Guerre contre l’Iran : L’Espagne choisit la cohérence face à Trump 

Le président du gouvernement espagnol Pedro Sanchez.

Ahmed Zoubaïr

La décision du gouvernent espagnol de refuser l’utilisation par les Etats-Unis des bases de Rota et de Morón pour une opération contre l’Iran ne relève ni d’un coup de tête ni d’un anti-américanisme circonstanciel. Elle s’inscrit dans une ligne diplomatique que l’Espagne de Pedro Sanchez assume avec courage et lucidité depuis des mois : défense du droit international, condamnation du génocide sioniste à Gaza et soutien explicite à la reconnaissance d’un État palestinien.

Depuis le début des bombardements barbares à Gaza suite à l’action du Hamas d’octobre 2023, le gouvernement de Pedro Sánchez a adopté une posture critique vis-à-vis de Israël, dénonçant les frappes contre les civils et plaidant pour un cessez-le-feu durable. Dans cette logique, autoriser une opération américaine contre l’Iran depuis le territoire espagnol aurait constitué une rupture stratégique majeure, en contradiction flagrante avec la doctrine affichée : refus de l’escalade régionale et priorité à la désescalade diplomatique.

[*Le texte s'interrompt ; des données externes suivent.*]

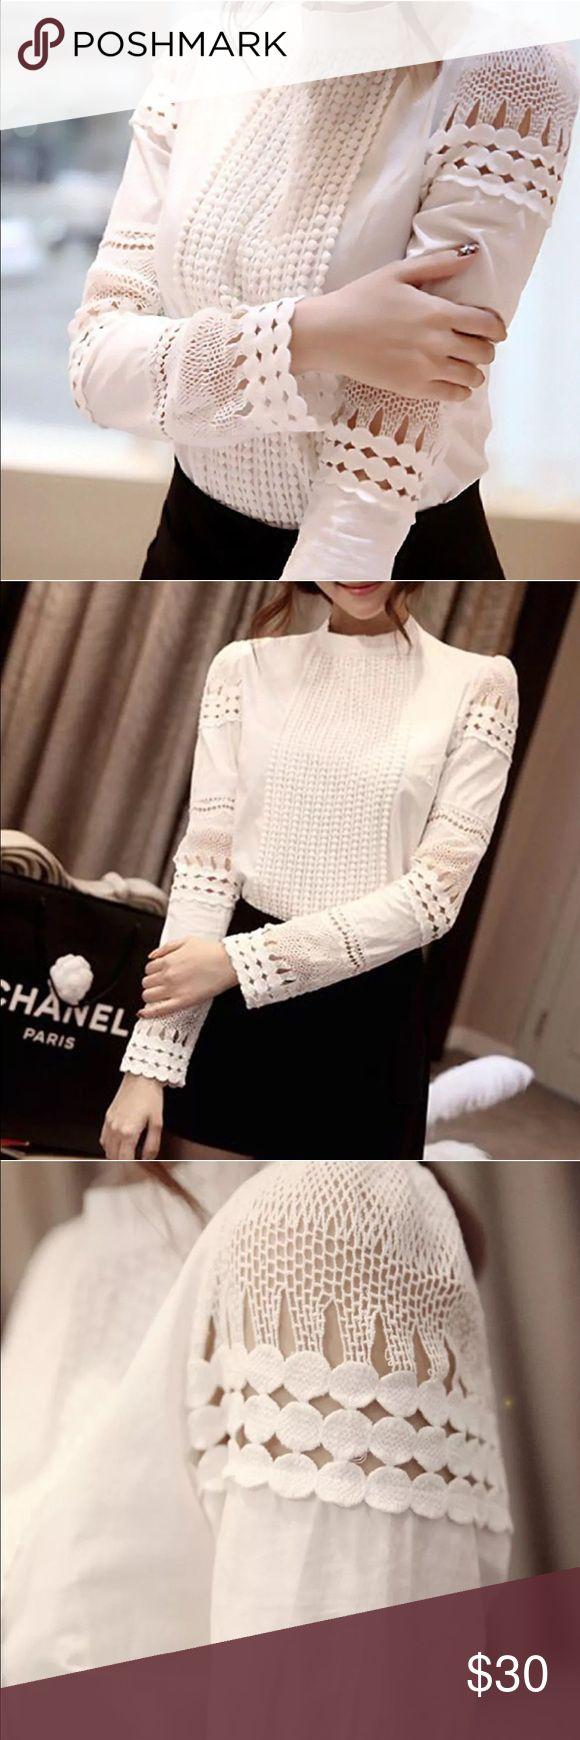 Fit USA Meduim USA  Lace Crochet High Collar XXL Fits more like Medium USA  Fashion Women New Lace Crochet High Collar Blouse Casual Long-sleeve Shirt Tops XXL Tops Blouses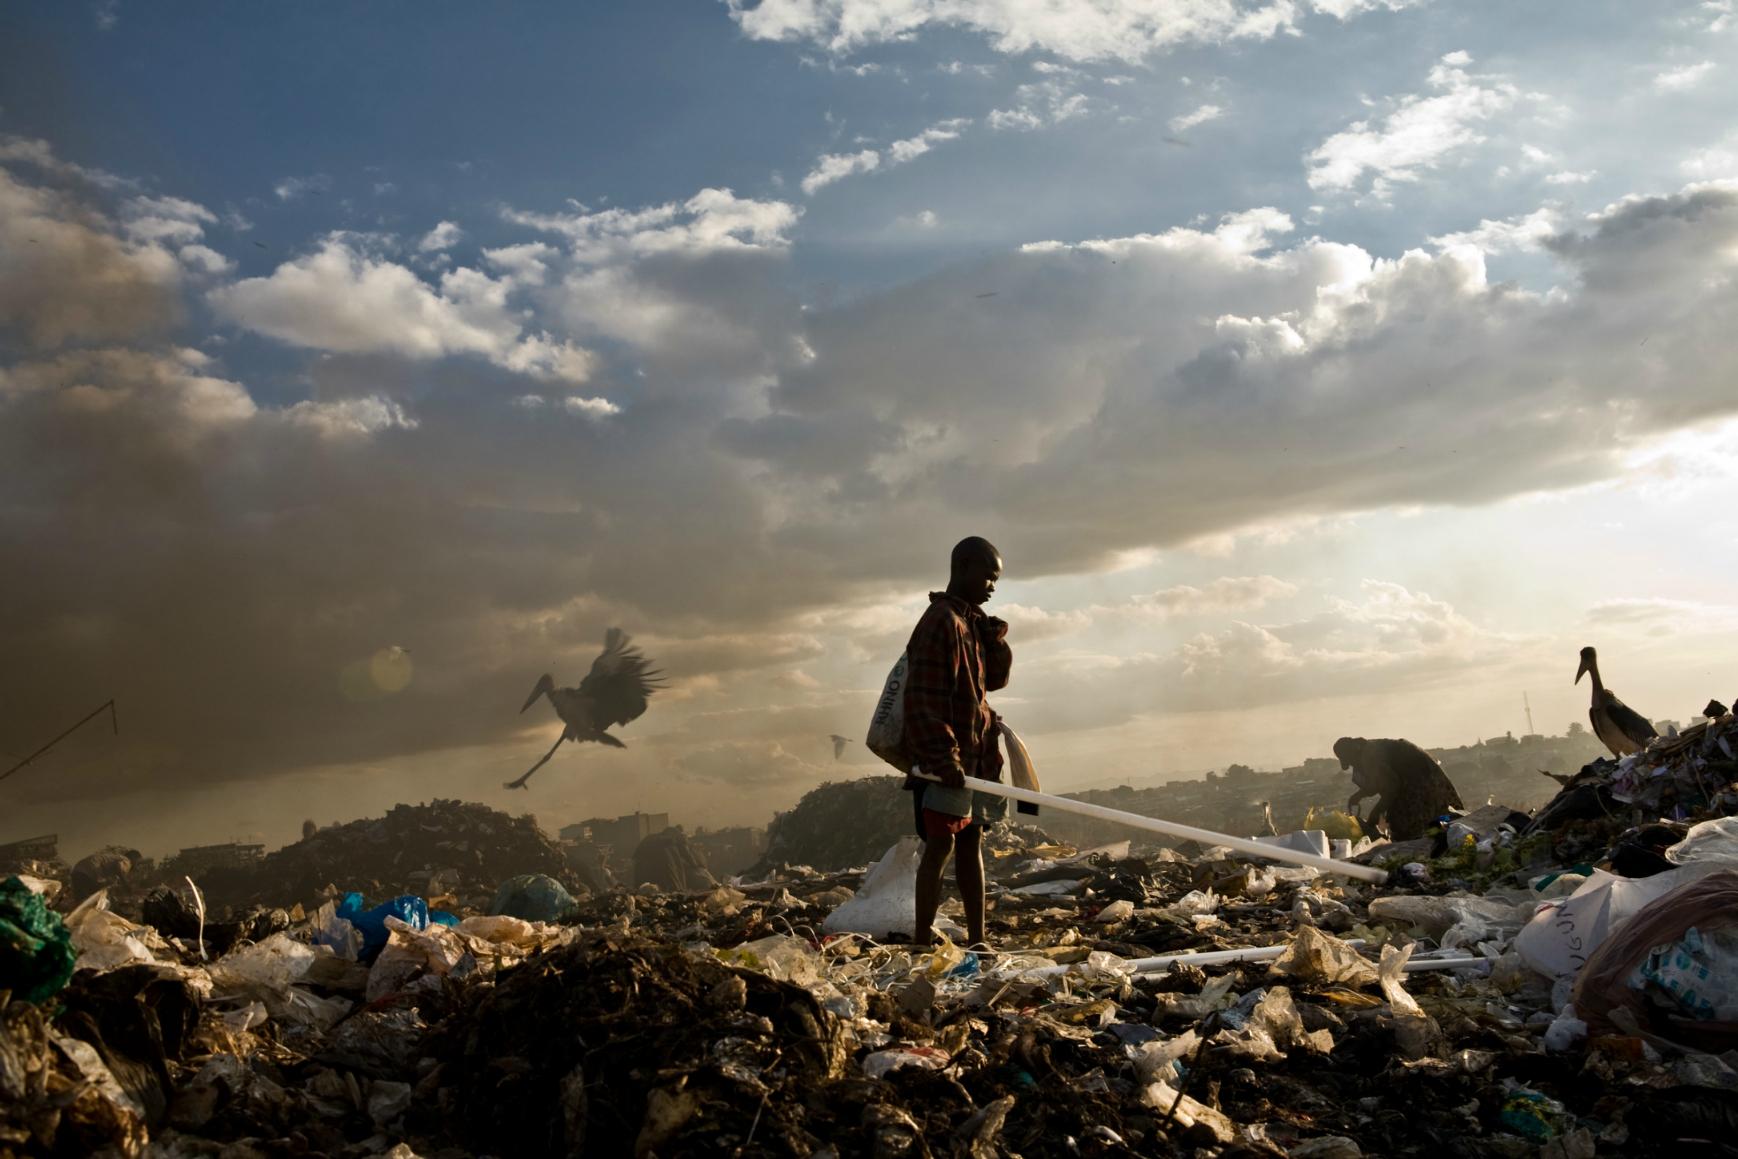 A young boy scavenging florescent light tubes in Kenya's Dandora dump site. Image:brendanbannon.com

Le refus de Madrid doit donc être lu comme un acte de cohérence. Cohérence politique interne vis-à-vis d’une opinion publique largement sensible à la cause palestinienne mais surtout cohérence externe : ne pas contribuer à l’extension du conflit en cours au Moyen-Orient dont les conséquences se font déjà sentir à l’échelle planétaire. En empêchant l’utilisation des bases de Rota et de Morón, l’Espagne envoie un message clair : elle ne veut pas être un maillon logistique d’une guerre susceptible d’embraser la région.

La réaction de Donald Trump, faite de menaces commerciales et de déclarations méprisantes sur la souveraineté espagnole, révèle en creux l’enjeu géopolitique : Washington considère ses alliances comme des instruments d’alignement stratégique automatique. Or Madrid, par la voix du chef du gouvernement Pedro Sanchez,  rappelle qu’une alliance militaire n’implique pas l’abandon du libre arbitre politique.

Au-delà de cet incident  diplomatique, cette séquence traduit une tension plus large au sein du camp occidental. L’Europe, ou du moins certaines de ses capitales, hésite à suivre les États-Unis dans une logique d’escalade contre l’Iran. Le Royaume-Uni, avec Keir Starmer, est également sommé de clarifier son positionnement. L’épisode met en lumière une fracture : solidarité atlantique d’un côté, volonté d’autonomie stratégique de l’autre.

En définitive, le choix espagnol n’est pas une rupture avec Washington, mais l’affirmation d’une diplomatie qui se veut constante : condamnation des violences contre les civils à Gaza, soutien au droit des Palestiniens, et refus de contribuer à une extension du conflit régional susceptible d’embraser toute la région. 

Madrid parie sur la cohérence plutôt que sur l’alignement. Reste à savoir si cette cohérence résistera à la pression économique et politique d’un Donald qui ne conçoit ses alliés que dociles.